Я улыбнулся – похоже, что молодому Шаляпину его успех в Москве сильно ударил в голову. Впрочем, судя по восторгам, а особенно по проклятиям, бурлившим вокруг него, талант певца был действительно неординарным. Я за своей службой в «Русских ведомостях» так ни разу и не сходил в Частную оперу на Шаляпина, хотя друзья и звали.
– Послушайте, Владимир Алексеевич! Я на прошлой неделе ездил в Ярославскую губернию. Знаете, к кому?
– Ну?
– К Василию Осиповичу Ключевскому! Какой это замечательный старик! Какой глубокий знаток эпохи! Мы гуляли по лесу, а он мне в лицах! В лицах пересказывал диалоги между Годуновым и Шуйским, как будто сам сидел в уголке и все за ними записывал!
– К Ключевскому? – удивился я. – Зачем?
– Ах! – досадливо махнул рукой Шаляпин. Я заметил, что с каждым стаканом вина с него слетала некоторая скованность первого знакомства. И как будто разница в восемнадцать лет между нами таяла, как порции шашлыка на серебряном подносе. И, признаюсь, мне это нравилось. Я чувствовал, что это не он приближается к моему возрасту, а я – к его. В конце концов, оба мы были из простых, из низов. Всего добились сами. И уж не последнюю роль в этой быстрой, стремительной близости сыграло, конечно, признание Шаляпина в том, что мы были с ним «коллегами».
– Поймите! – сказал Шаляпин. – Ведь это важно! Вот смотрите…
Но договорить ему не дала фигура, шагнувшая из-за ширмы. Я смотрел на Шаляпина и поэтому сперва подумал, что это Сулханов вернулся с добавками, но оказалось, что это был не он. Какой-то господин, пьяный вдрабадан, с мокрыми от пива усами, широко раскинул руки и полез к певцу через стол, наклонившись так, что чуть не опрокинул уже наполовину пустой кувшин.
– Шапяпин! Я тя та-а-а-к люблю! Дай я тебя расцалую!
Вмиг Федор Иванович из взволнованного рассказчика превратился в олицетворение брезгливости.
– Я с мужчинами не целуюсь! – крикнул он прямо в усы. – Подите прочь!
Пьяного аж качнуло назад.
– Федя! – изумленно сказал он. – Федя! Это… в каком смысле?
– Вы не женщина, чтобы вас целовать! – ответил Шаляпин.
– Ну… – глубокомысленно произнес господин, потом сила пьяного притяжения как-то замысловато развернула его и вынесла из-за нашей ширмы.
– Вот дурак, – сказал я.
– И знаете что теперь? – спросил Шаляпин, вытирая губы салфеткой и бросая ее на колени. – Теперь пойдут разговоры, что я развратник.
– В каком смысле?
– А в любом. Сначала будут говорить, что я люблю целоваться с женщинами. Потом все переврут, что я люблю целоваться с мужчинами. А потом начнут судачить, что мне вообще с кем целоваться – могу и с женщинами, а могу и с мужчинами!

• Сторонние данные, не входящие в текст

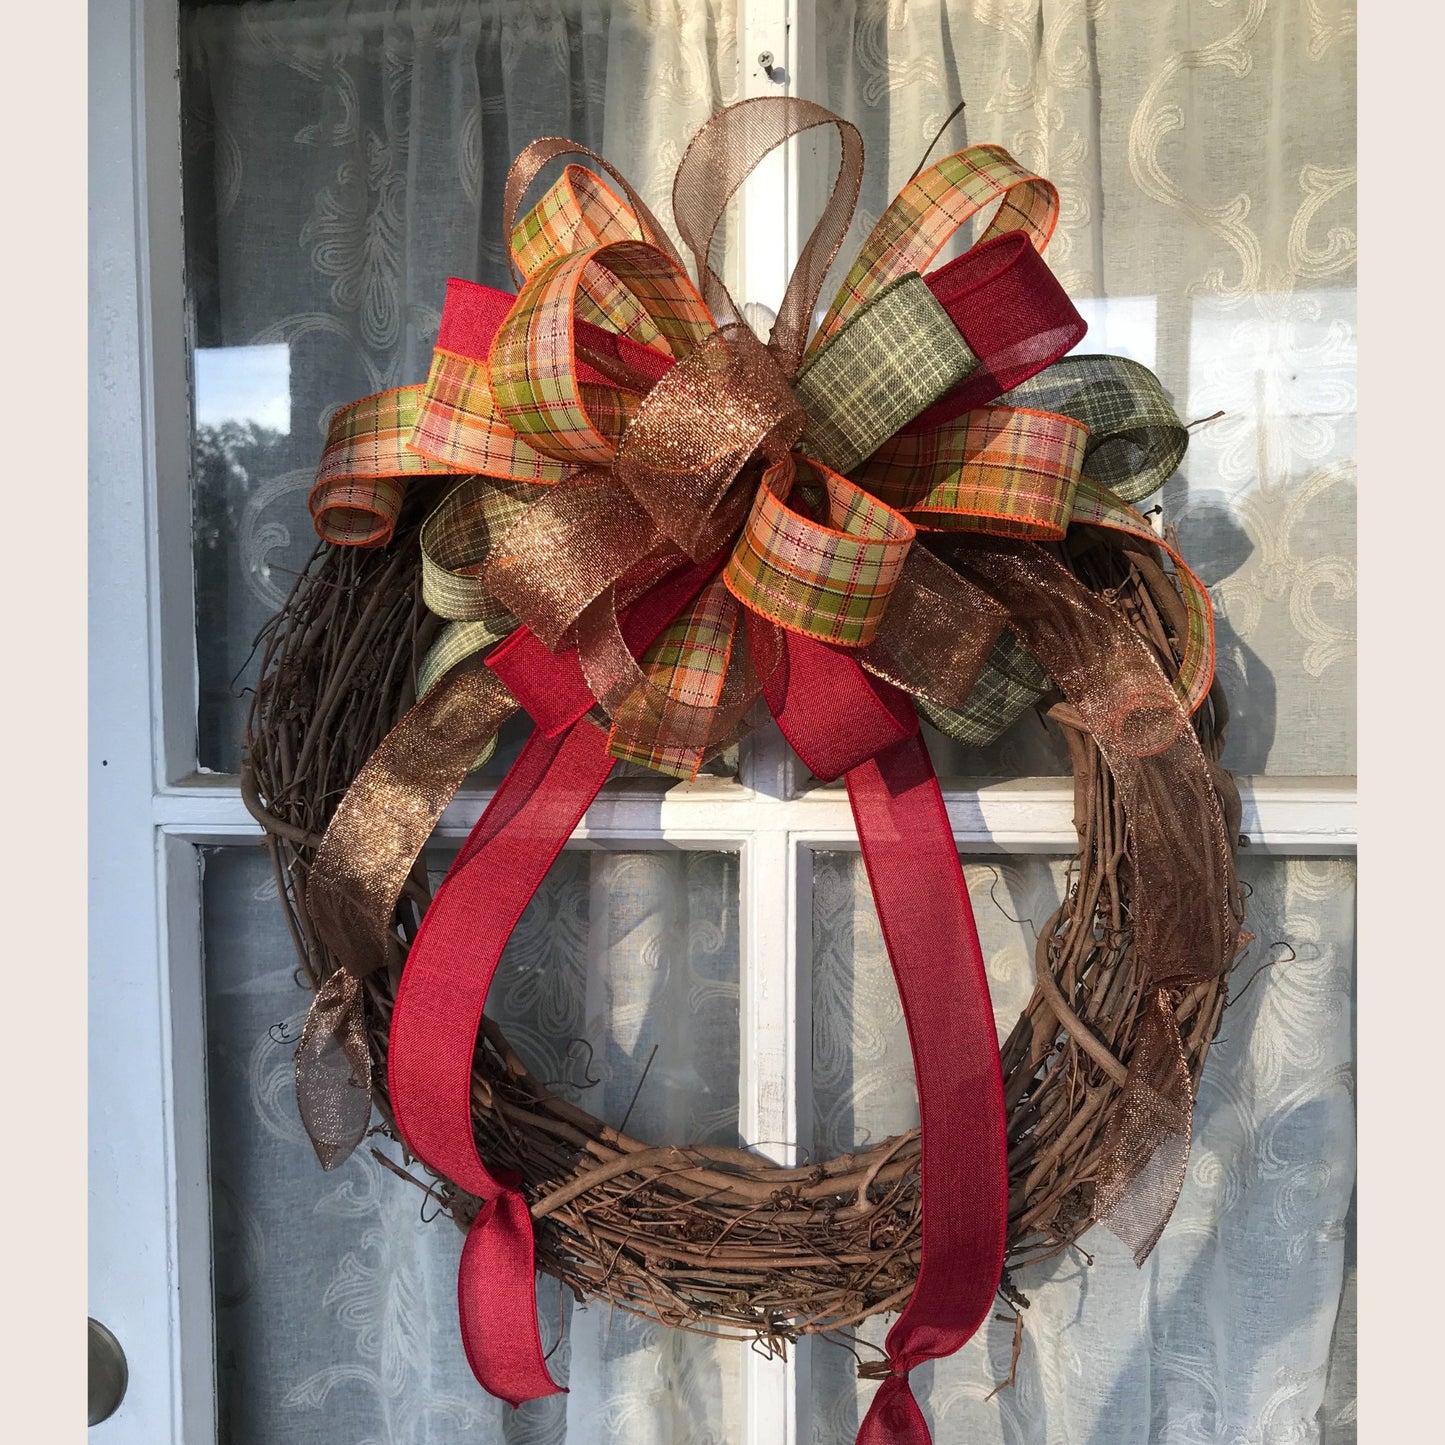 Fall bow, Fall Blend Bow, Fall Decorations for front door, Wreath bow for fall
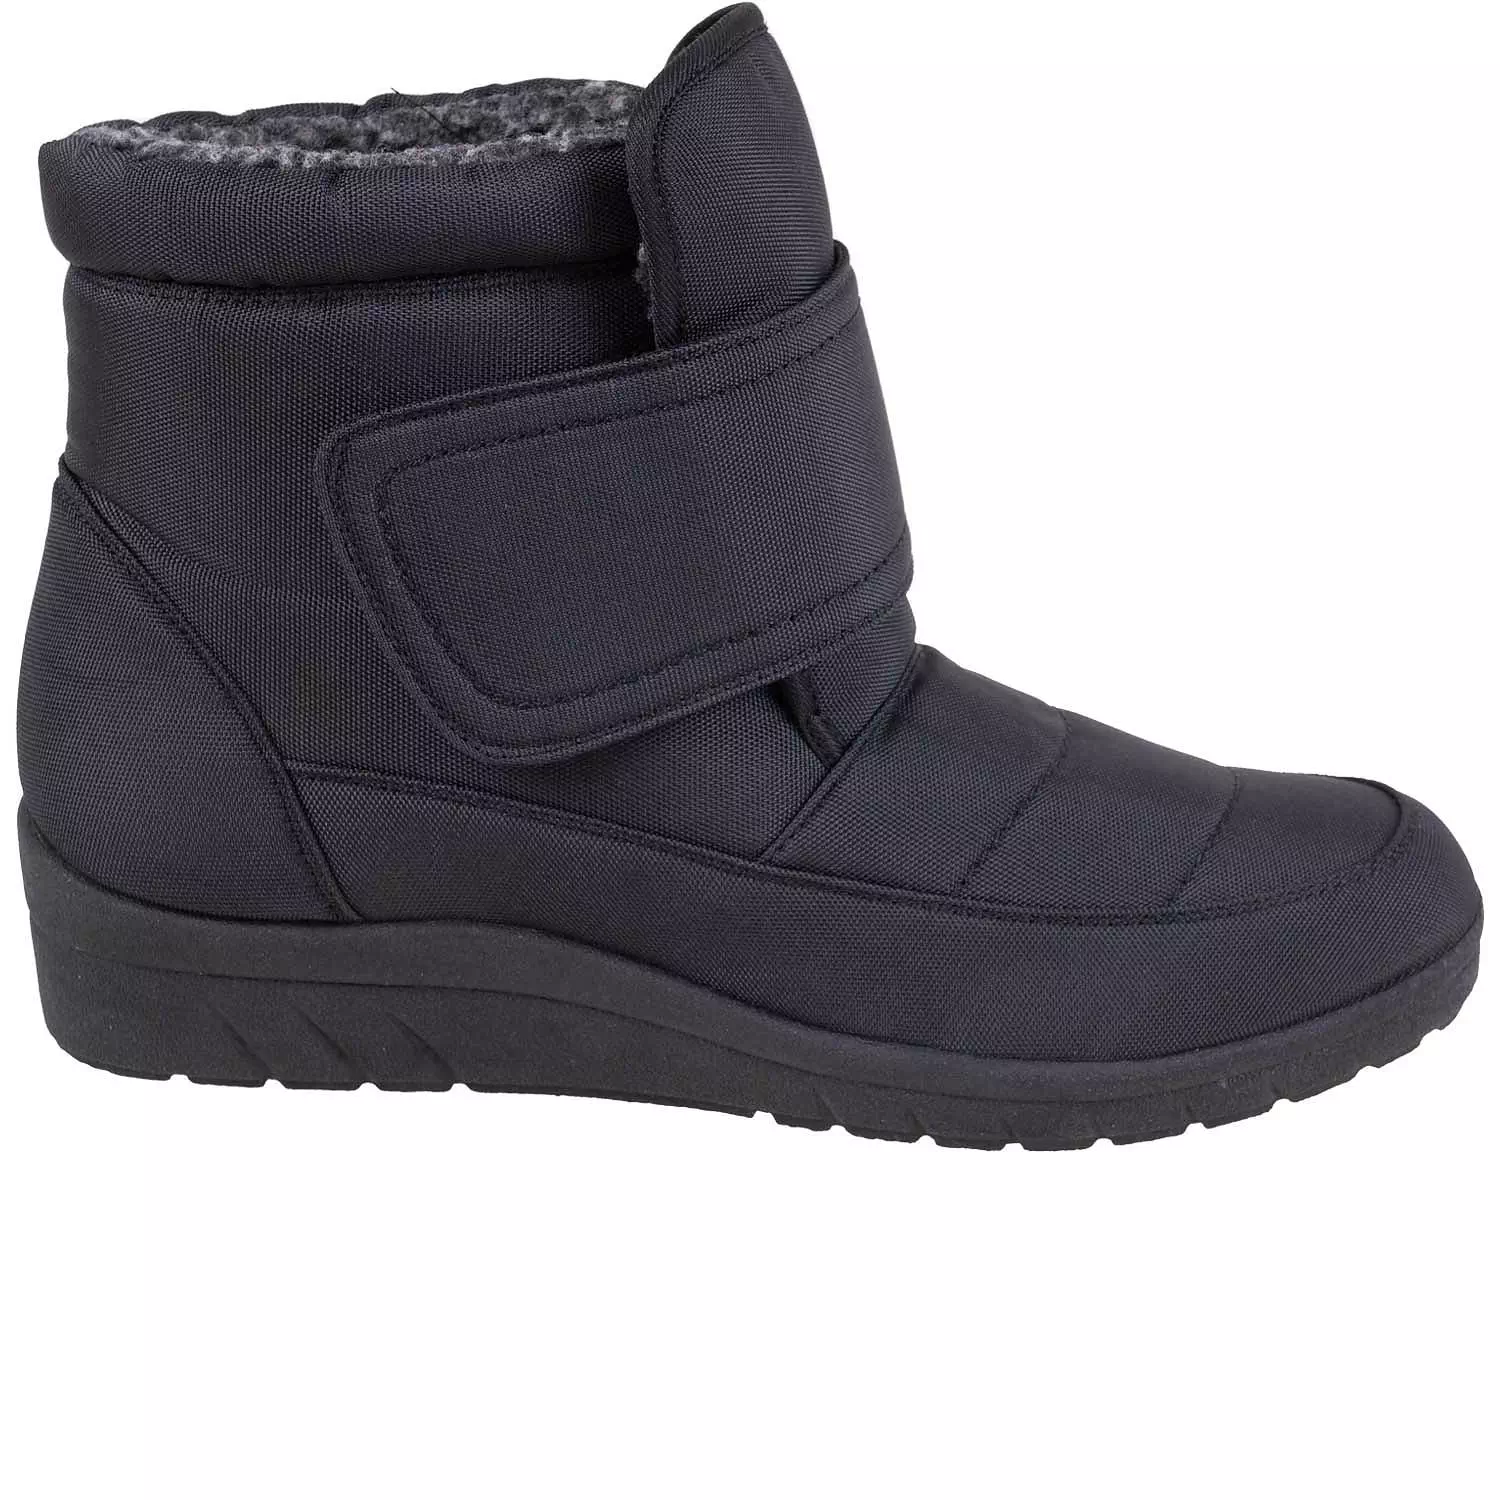 Women's canvas winter ankle boots with velcro strap, black, size 8

Я не выдержал и засмеялся.
Шаляпин сначала искоса поглядел на меня, а потом и сам заулыбался:
– Да и черт с ними! Главное, чтобы билеты покупали!
Впрочем, я заметил, что эта сцена все же покоробила певца, хотя он постарался показать мне, что снова вернулся в прежнее расположение духа. Взяв свой стакан, он снова чокнулся со мной, отпил и продолжил:
– Так вот. По моему глубокому убеждению, актер оперы должен быть одновременно и актером драматическим. Должен изучать не только ноты, но и другие источники. Не только петь, но и играть.
– Но разве одной музыки недостаточно? – удивился я. – Разве декорация, костюм, грим для оперы – не есть явление вспомогательное, должное только подчеркивать характер музыки, но не характер персонажа? Для театра драматического – согласен – важно все. Но для оперы музыка, пение – важнее всего остального.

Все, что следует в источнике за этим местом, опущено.